**Input data:**
┌──
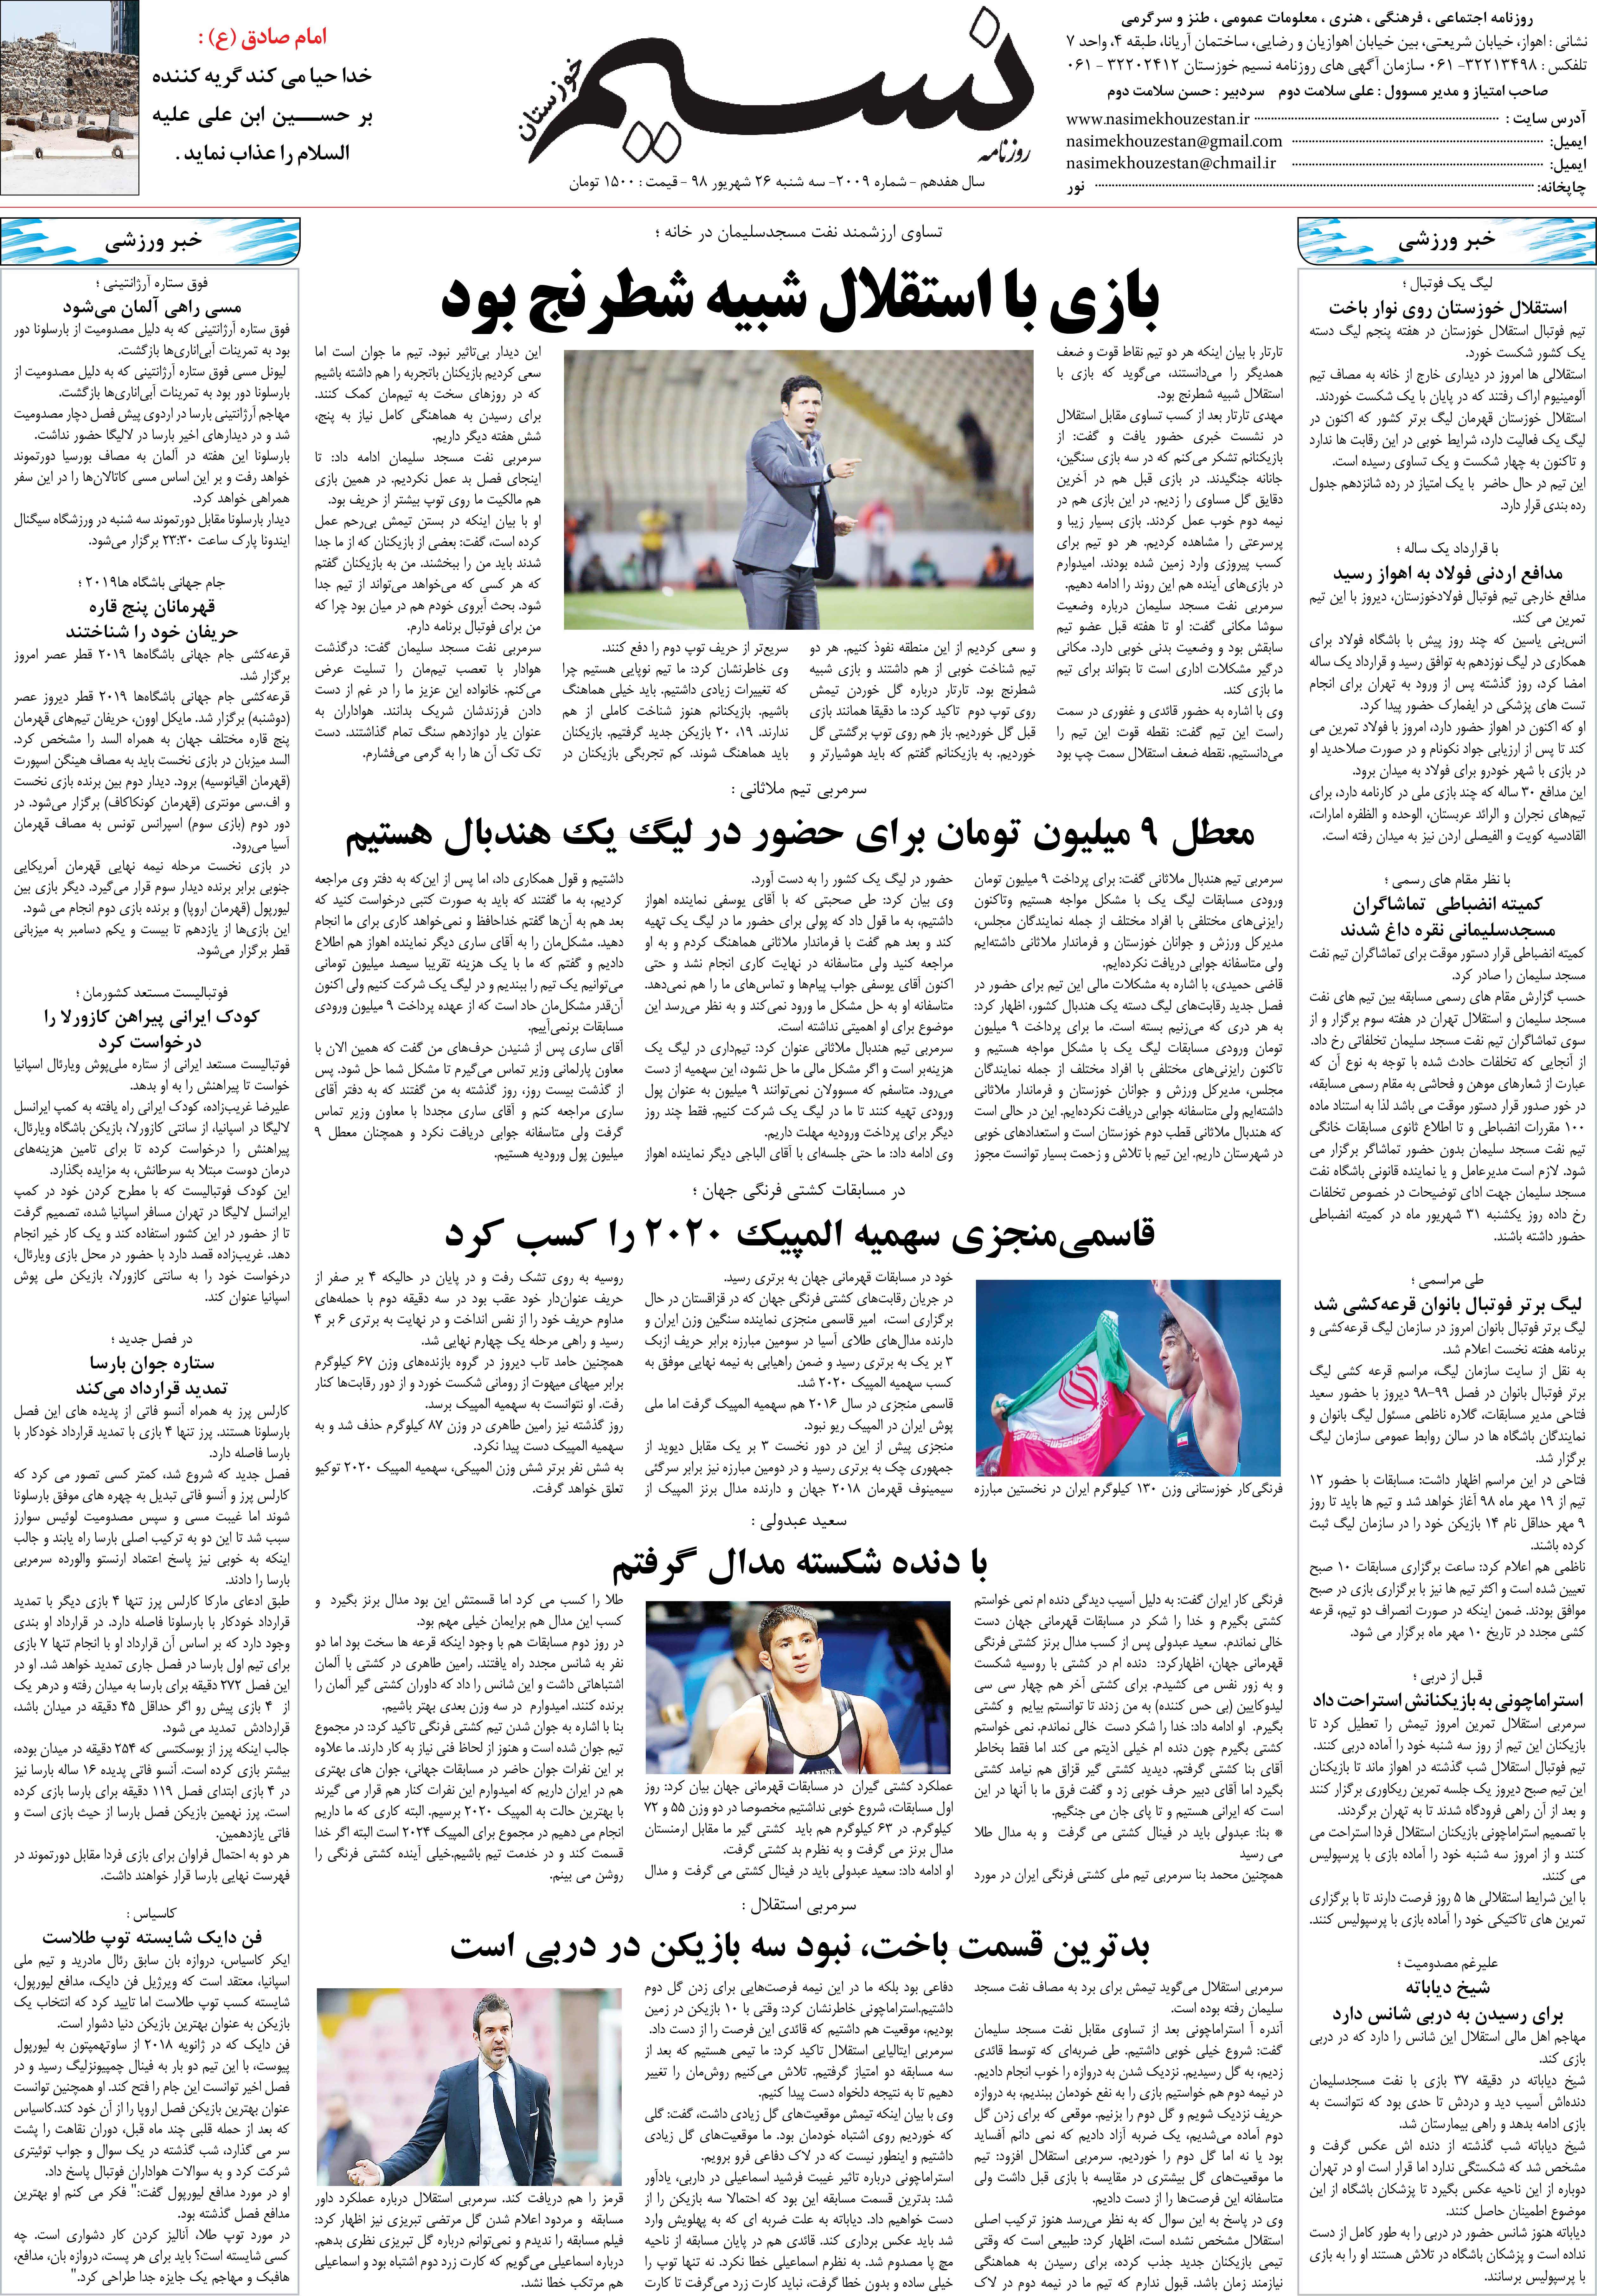 صفحه آخر روزنامه نسیم شماره 2009
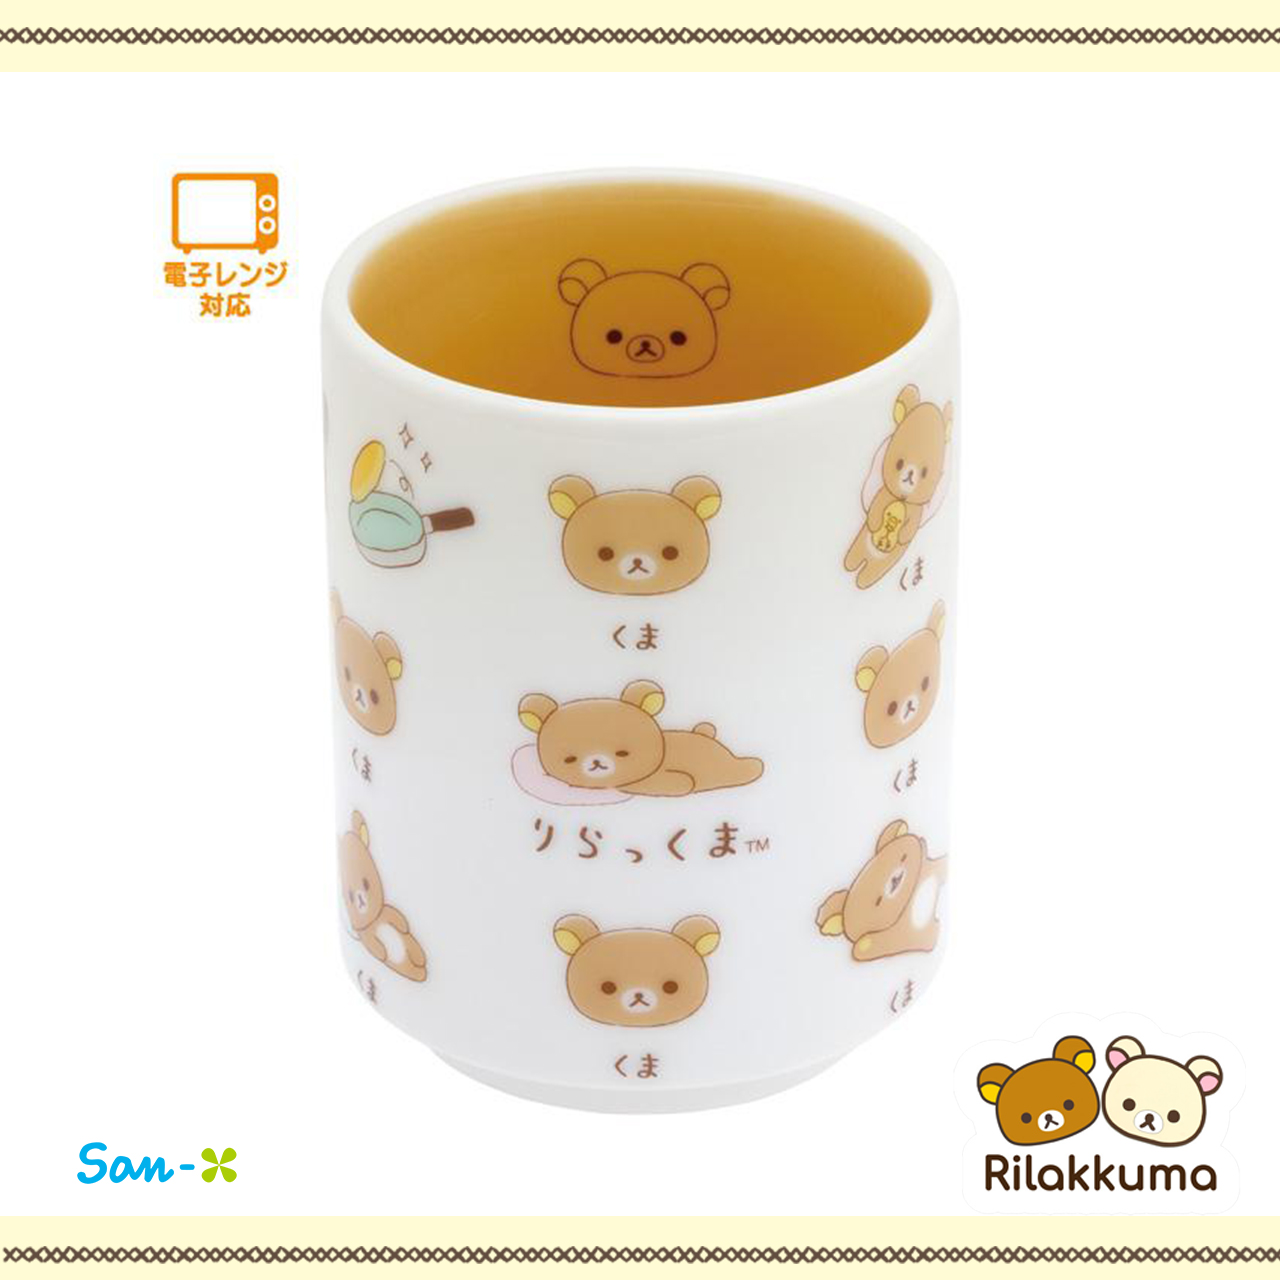 茶杯-拉拉熊 Rilakkuma san-x 日本進口正版授權
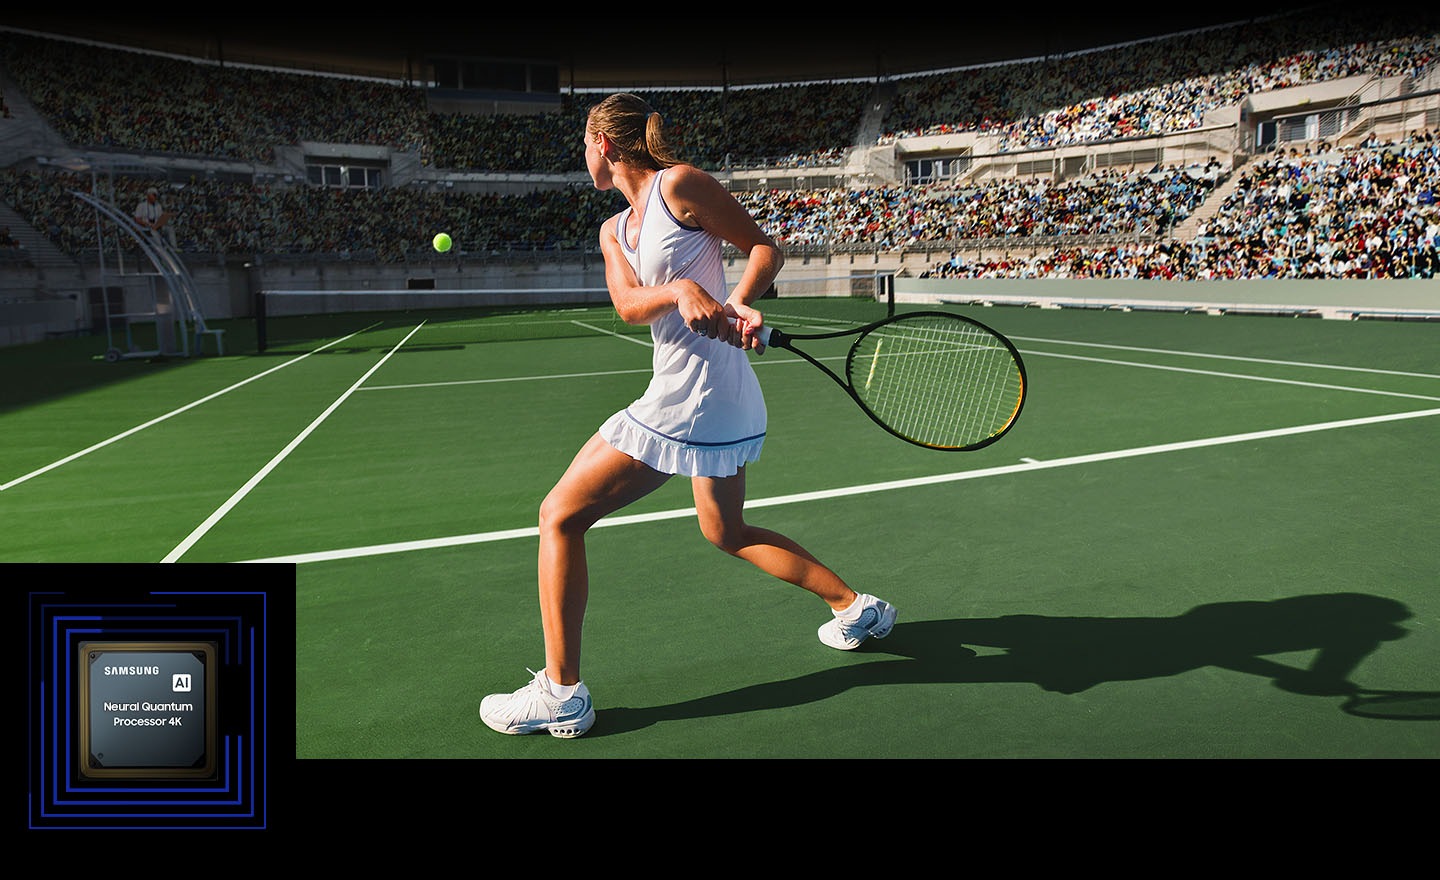 یک زن در مقابل جمعیت زیادی تنیس بازی می کند. پردازنده کوانتومی عصبی 4K بسیاری از اشیاء موجود در صفحه نمایش را پردازش می کند و کل صحنه را تقویت می کند. پردازنده کوانتومی عصبی 4K در گوشه پایین leftand پایین نمایش داده می شود
└──
**Exercise:**
Repeat the listing in full and to the letter, excluding every image.

**Answer below:**
 صفحه آخر روزنامه نسیم شماره 2009
 茶杯-拉拉熊 Rilakkuma san-x 日本進口正版授權
 یک زن در مقابل جمعیت زیادی تنیس بازی می کند. پردازنده کوانتومی عصبی 4K بسیاری از اشیاء موجود در صفحه نمایش را پردازش می کند و کل صحنه را تقویت می کند. پردازنده کوانتومی عصبی 4K در گوشه پایین leftand پایین نمایش داده می شود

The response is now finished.